◆ WORK REQUIRED: Restate each of the lines below word for word and drop every picture.

◆ DATA EXCERPT:
+++

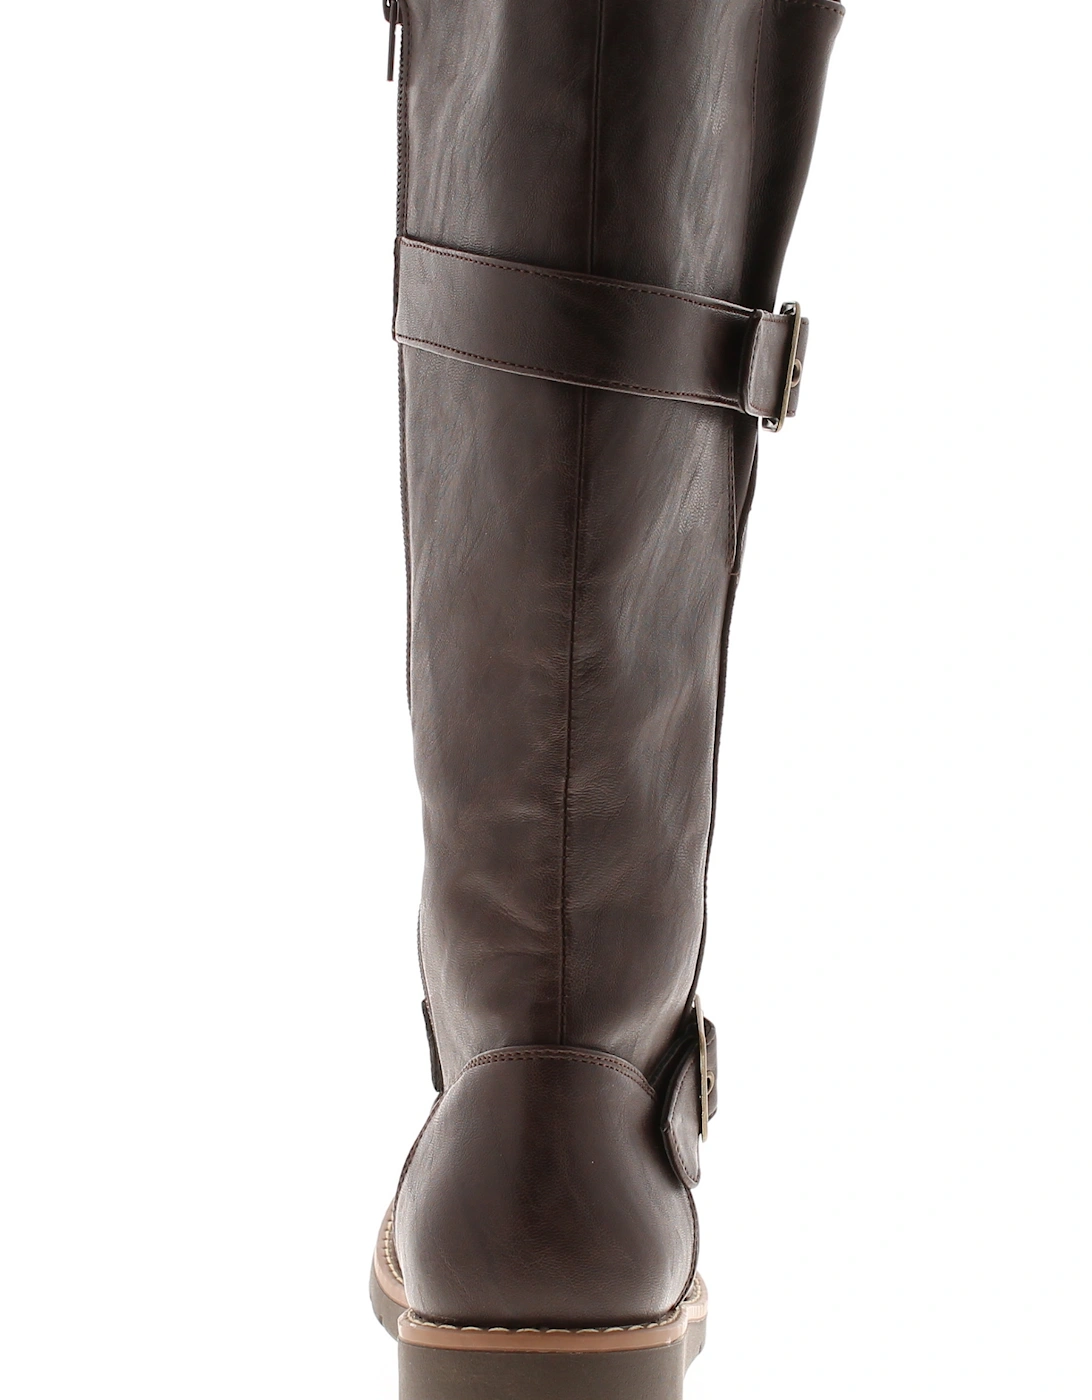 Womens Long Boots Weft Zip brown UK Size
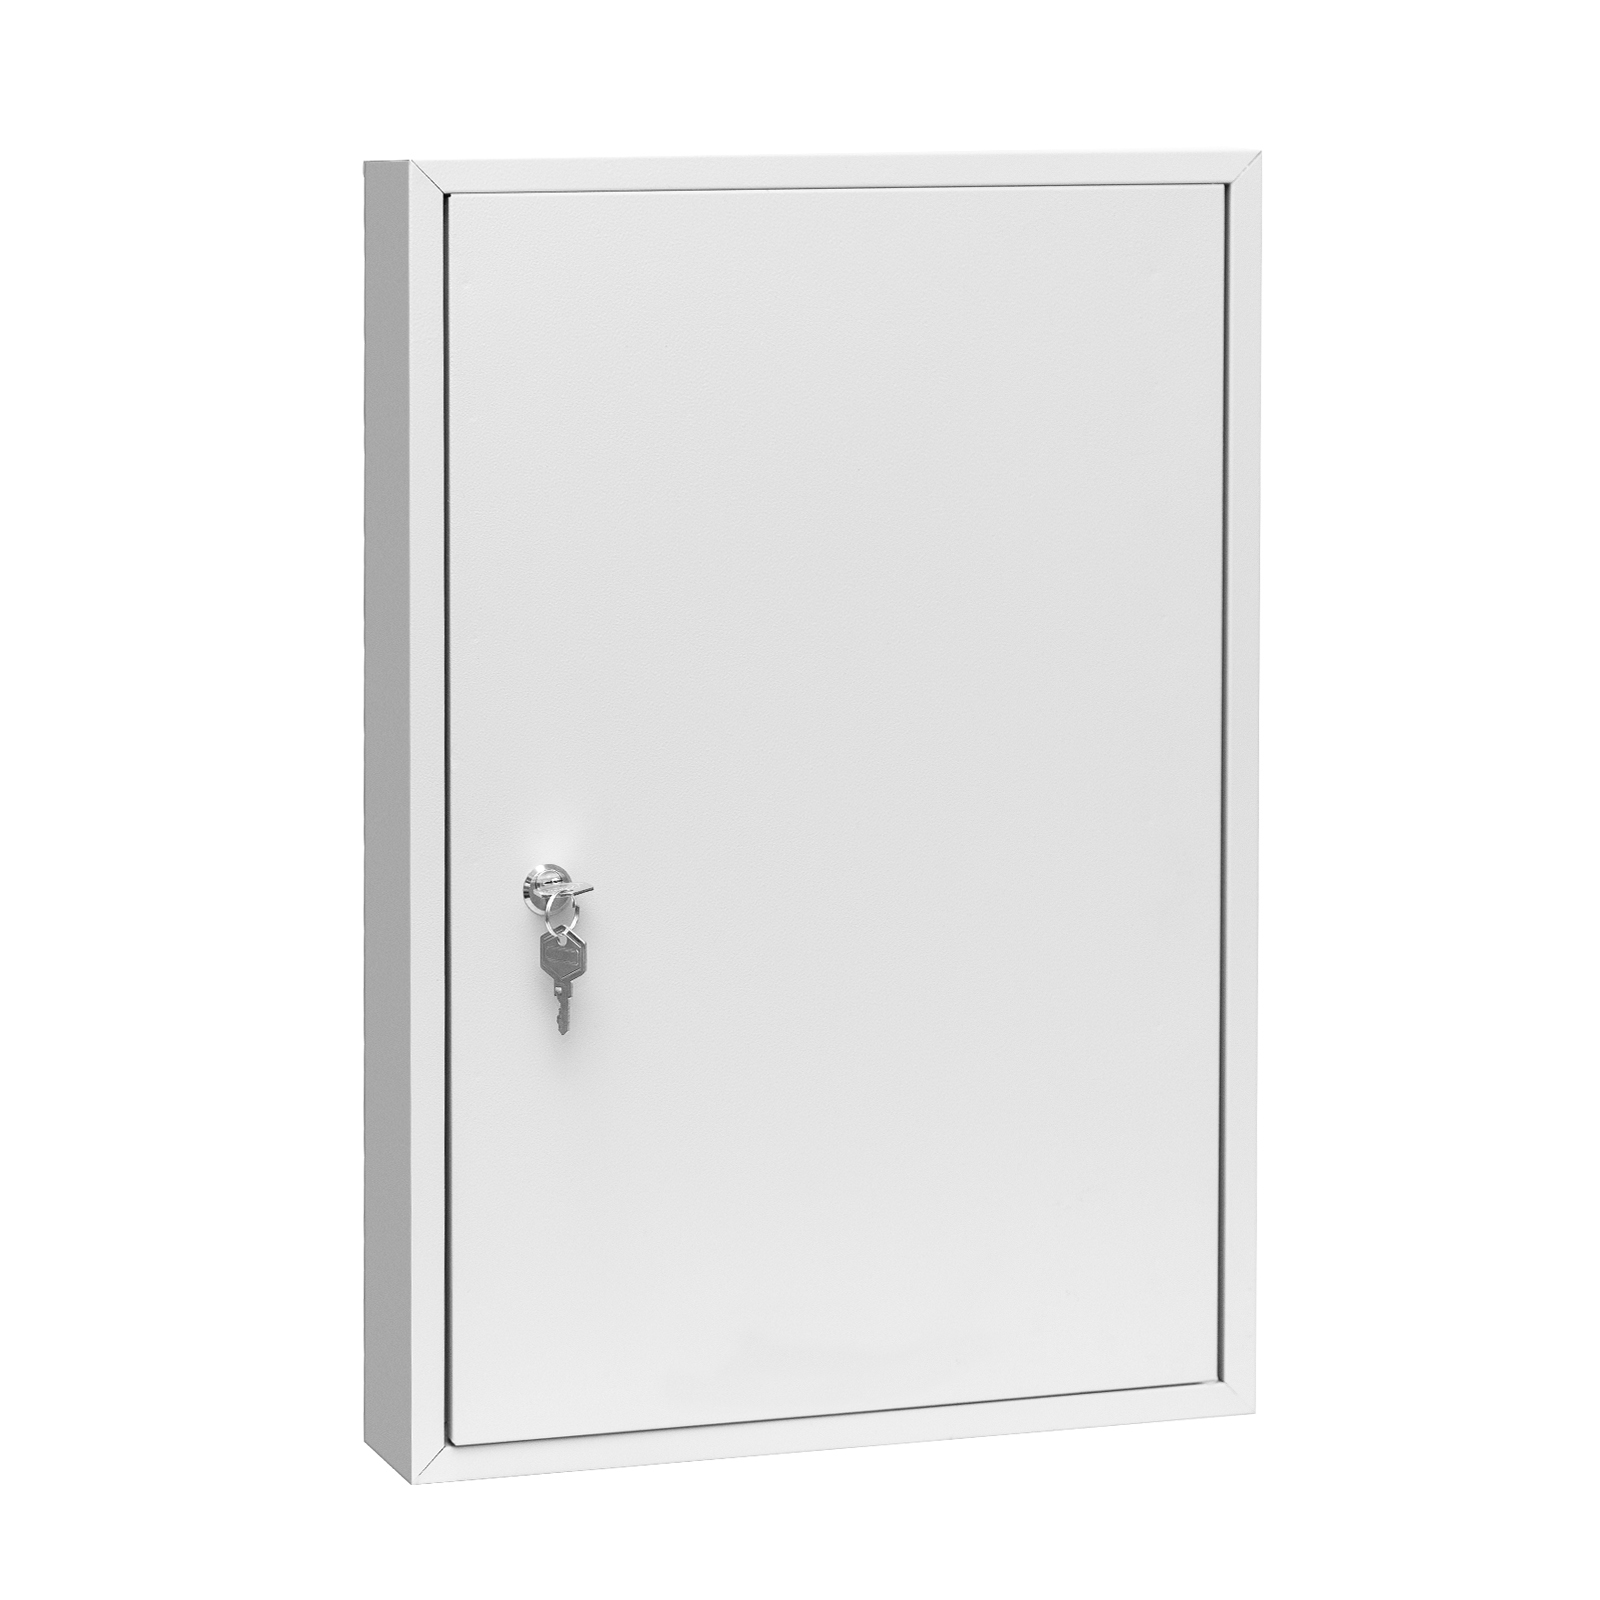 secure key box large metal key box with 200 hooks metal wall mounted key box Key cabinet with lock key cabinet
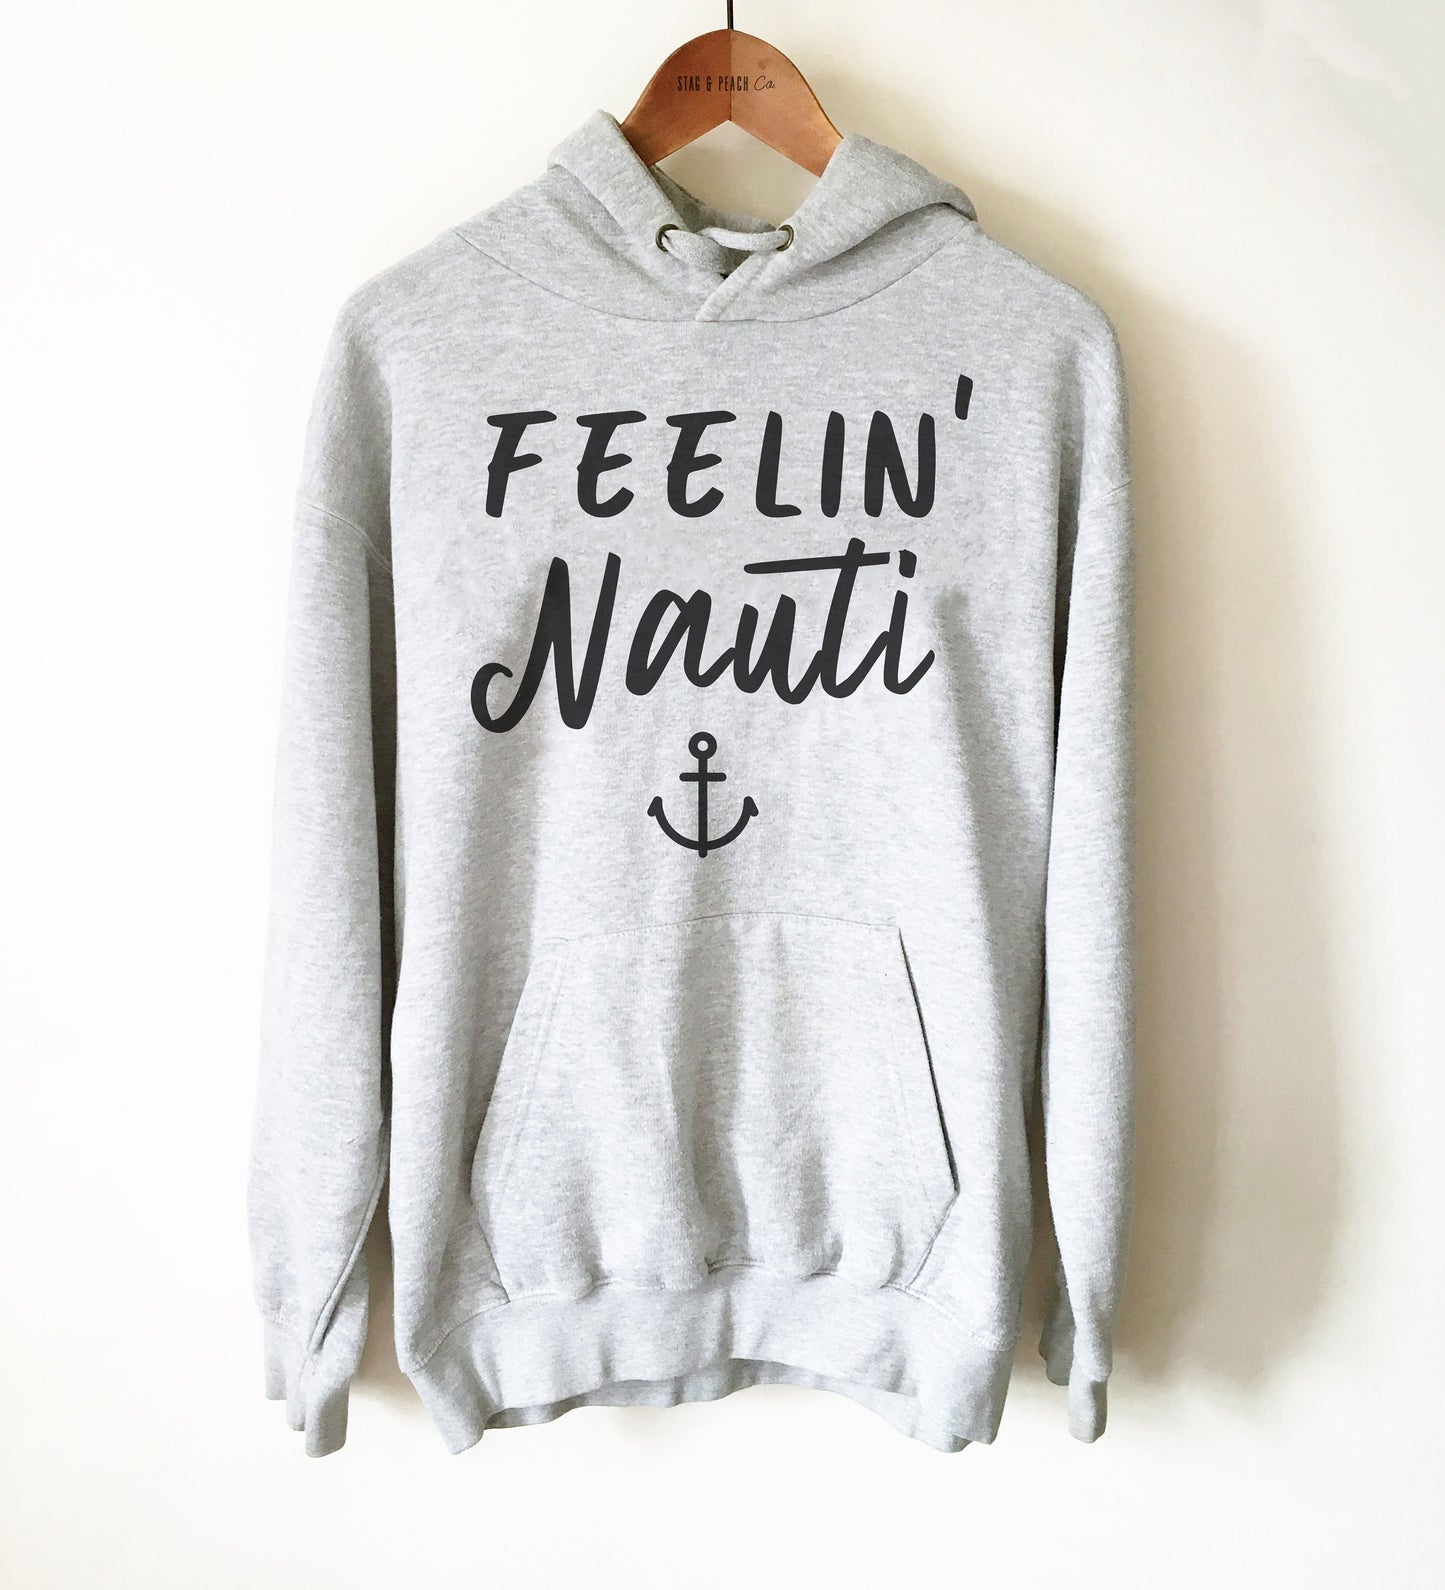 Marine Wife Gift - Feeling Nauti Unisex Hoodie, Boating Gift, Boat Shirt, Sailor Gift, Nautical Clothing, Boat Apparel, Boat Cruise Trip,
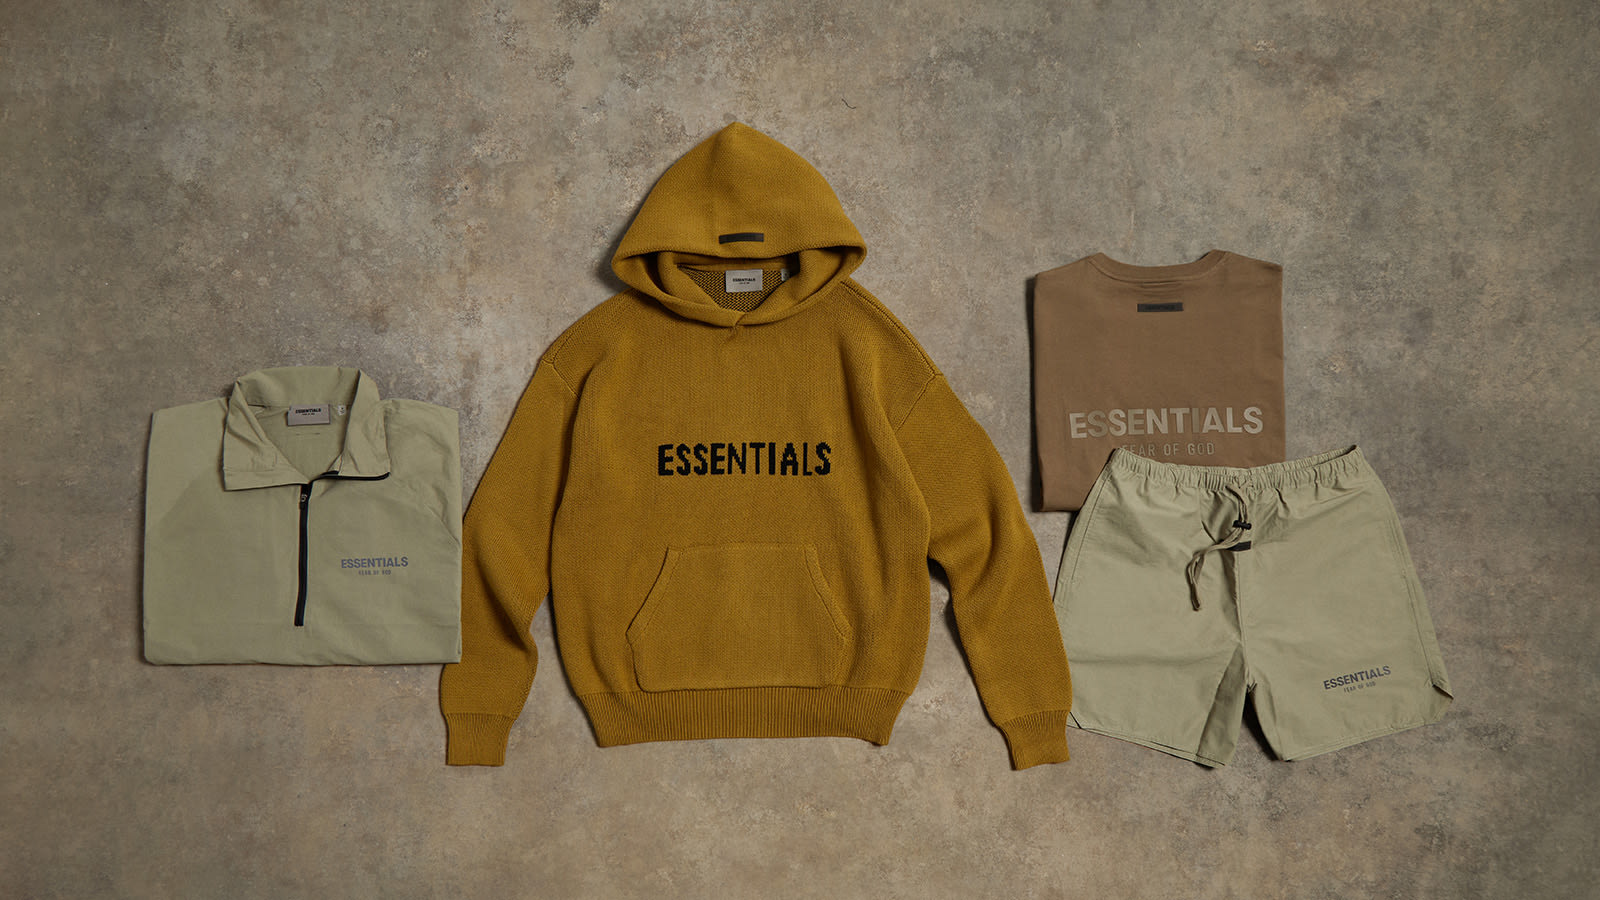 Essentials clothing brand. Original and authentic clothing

+++

◆ PROBLEM SOLUTION:
 Womens Long Boots Weft Zip brown UK Size
 secure key box large metal key box with 200 hooks metal wall mounted key box Key cabinet with lock key cabinet
 Marine Wife Gift - Feeling Nauti Unisex Hoodie, Boating Gift, Boat Shirt, Sailor Gift, Nautical Clothing, Boat Apparel, Boat Cruise Trip,
 Essentials clothing brand. Original and authentic clothing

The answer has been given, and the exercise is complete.